Paloma Bailey's dad loves cars, and this one is nearly perfect.
“After the Rolls,” Bailey went on, “1 had a Porsche 928, and for the first year the windscreen wipers didn’t work. Then there was a terrible noise when you went over sixty, and they couldn’t seem to sort it out. The only two cars I’ve had that never went wrong are Rolls-Royces and Ferraris. And I’ve got a great thing in the country — a Mitsubishi Shogun jeep [called a Montero here). I’ve never had a problem with it. I leave it in the country sometimes for three months in the winter snows, then walk up and start it right away. Mind you, I did have one before that where the wheels collapsed in Holland Park. The BMW 750iL you see outside, which I’m happy with, replaced my 735i [the new series], which went wrong all the time. Electrics, mainly.”
Bailey doesn’t seem to have too much time for driving, what with the London-Paris-New York jet-setting to jobs (TV commercials for Reebok, Greenpeace, Volvo, Volkswagen, Chanel, etc.), and his assistants operate a sturdy jeep he provides for them. But cars are certainly on his mind. “I like my 750iL [a massive, twelve-cylinder, $70,000-plus BMW sedan] because it’s discreet,” he said. “So at first I felt like a toy boy in the Carrera 4. It seems like something Joan Collins would give you for Christmas, especially in that red. My wife wanted a BMW convertible, but I’d feel like a toy boy in that one as well. The new Mercedes SL looks butch enough to get away with — beautiful, isn’t it? Here, Mercedes has the best resale value of any car make. I couldn’t get the Porsche Speedster because there’s no backseat, and I’ve got two children and two little dogs. But I think the Carrera 4 is sensational to drive. I mean sensational. Even the seats are wonderful, the way they grip you in. The old 91 Is used to go off a bit more. But I tried to skid this one the other night in the rain, and it’s virtually impossible. I’ve never felt more safe in a car or more in control.”

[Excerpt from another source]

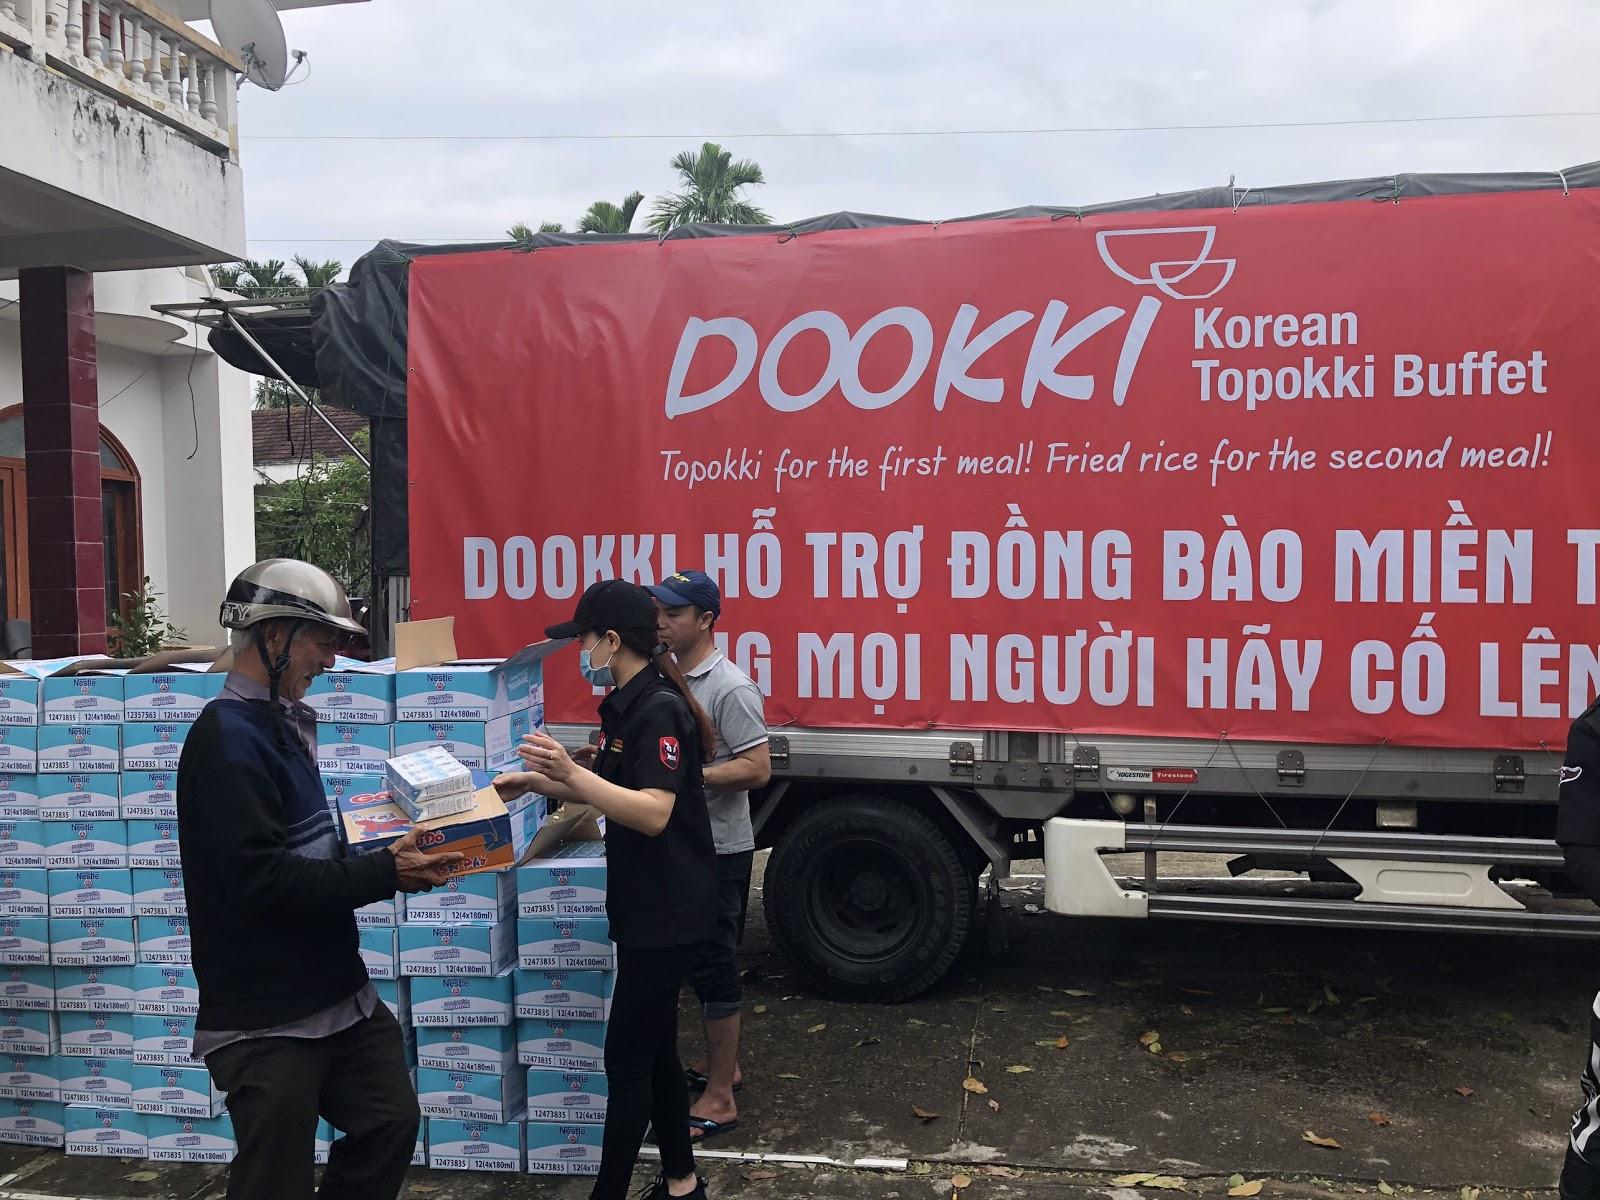 Đoàn xe của Dookki từ Sài Gòn về Quảng Ngãi ủng hộ người dân vùng lũ - Ảnh 3.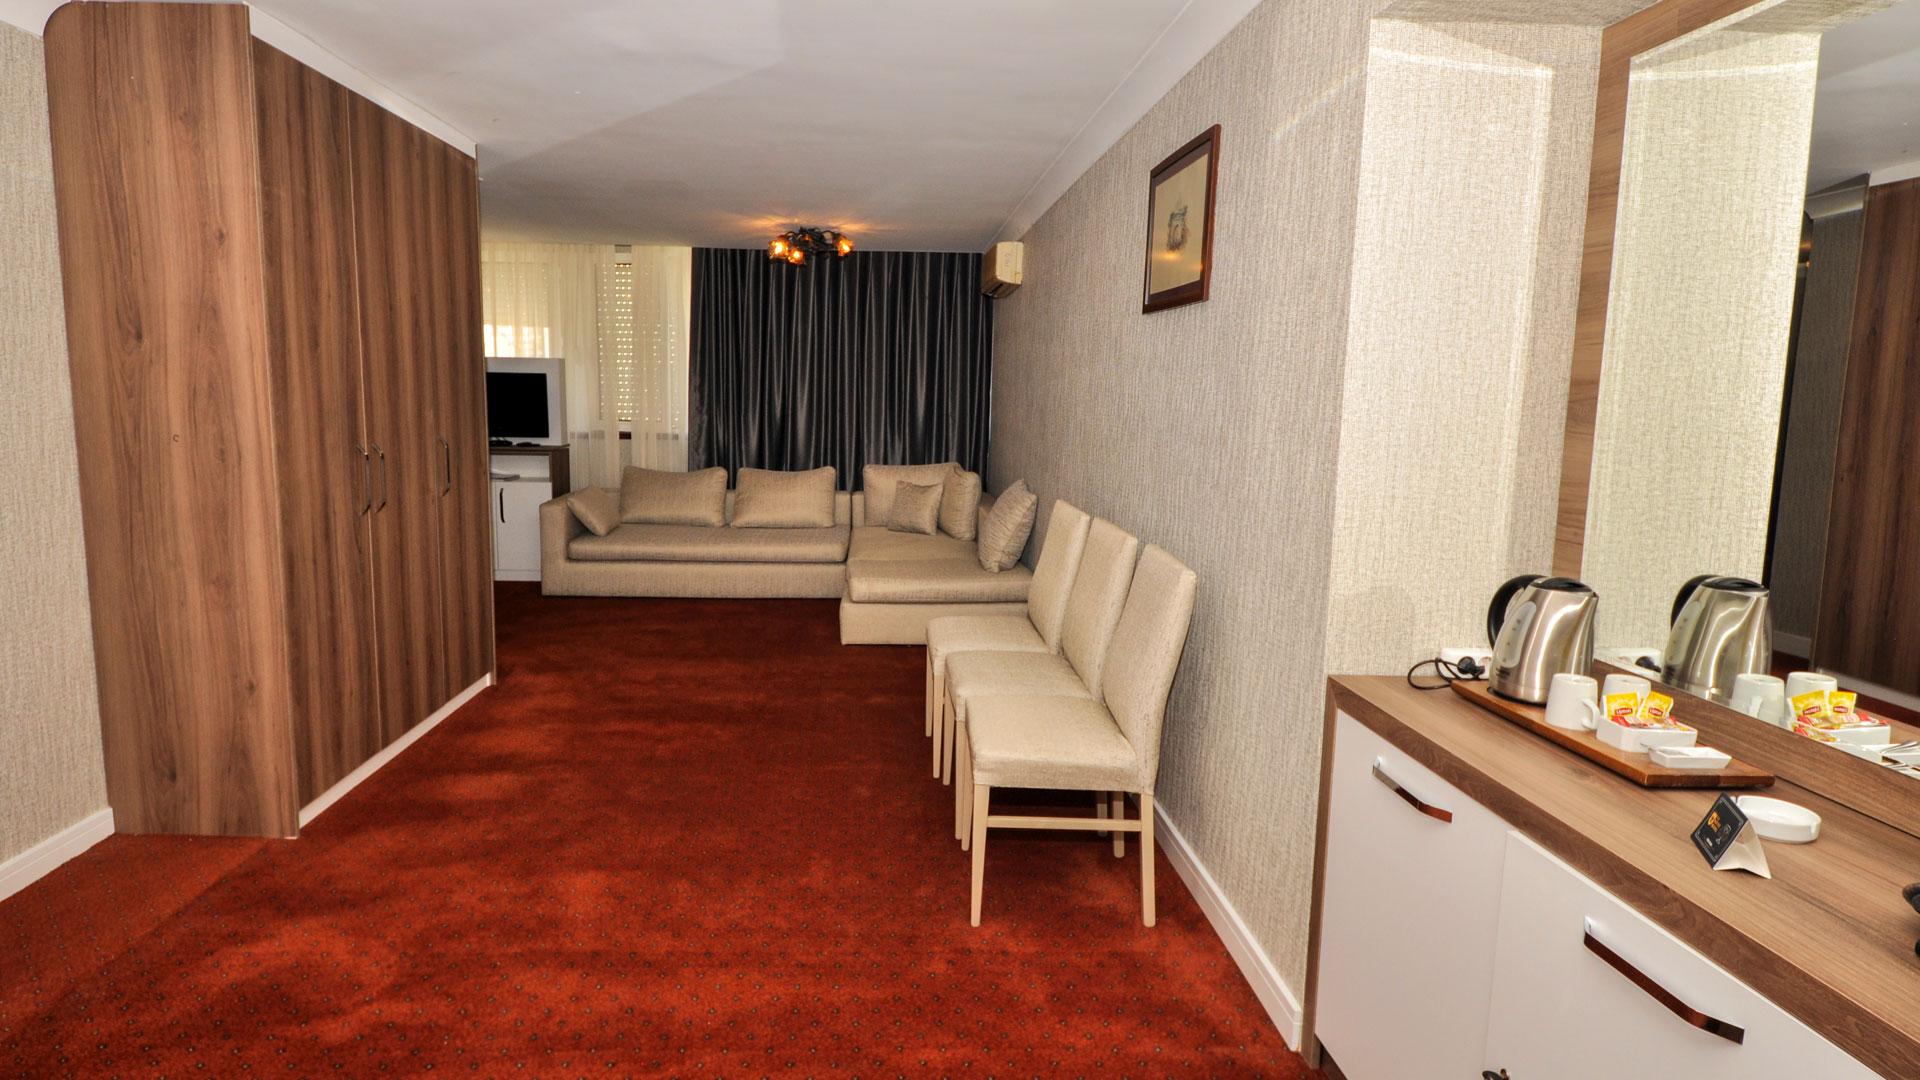 http://gurkenthotel.com/wp-content/uploads/executive-4.jpg

The wipers seem to be the Carrera 4’s only fault. (And they never squeaked for me, although I drove the car in frequent storms from the Porsche factory in Stuttgart, all the way to London.) Otherwise, it is perfect. And very new. Although it looks like the old 911, it’s really 85 percent a different car. The upper two-thirds of sheet metal constitutes most of the holdover, and I asked Bailey if he was offended by this hideously expensive model masquerading as an old 91 I. “Well, I never understood why Jaguar stopped making the E-type. If they’d been smart, they could have made it as long as they made this Porsche. They’d be the same age now. It was one of the most beautiful cars ever made — completely Art Nouveau. It looked like it grew, rather than was manufactured. And the shape of the Porsche is still great. I’m glad they got rid of the whale tail on the back, though.” The absurd appendage Bailey was referring to was tacked onto the engine cover at the rear of the car to redirect the airflow at high speeds. Without it, a Porsche spokesperson told me, the body of the car was prone to lifting perilously off its springs. The lower third of the new body has been rounded out, and the coefficient of drag has been improved, allowing for a less tough-looking flipper. Indeed, the now petite deflector of the Carrera 4 is retractable, and lies perfectly flush with the ladybug-like 911 silhouette. After hitting fifty miles per hour or so, the Carrera 4 gets stimulated. Sensing this, a microchip quickly generates an erection: the spoiler gradually, inexorably rises to a thirty-five-degree angle with the car’s body. At six m.p.h. or so, it descends.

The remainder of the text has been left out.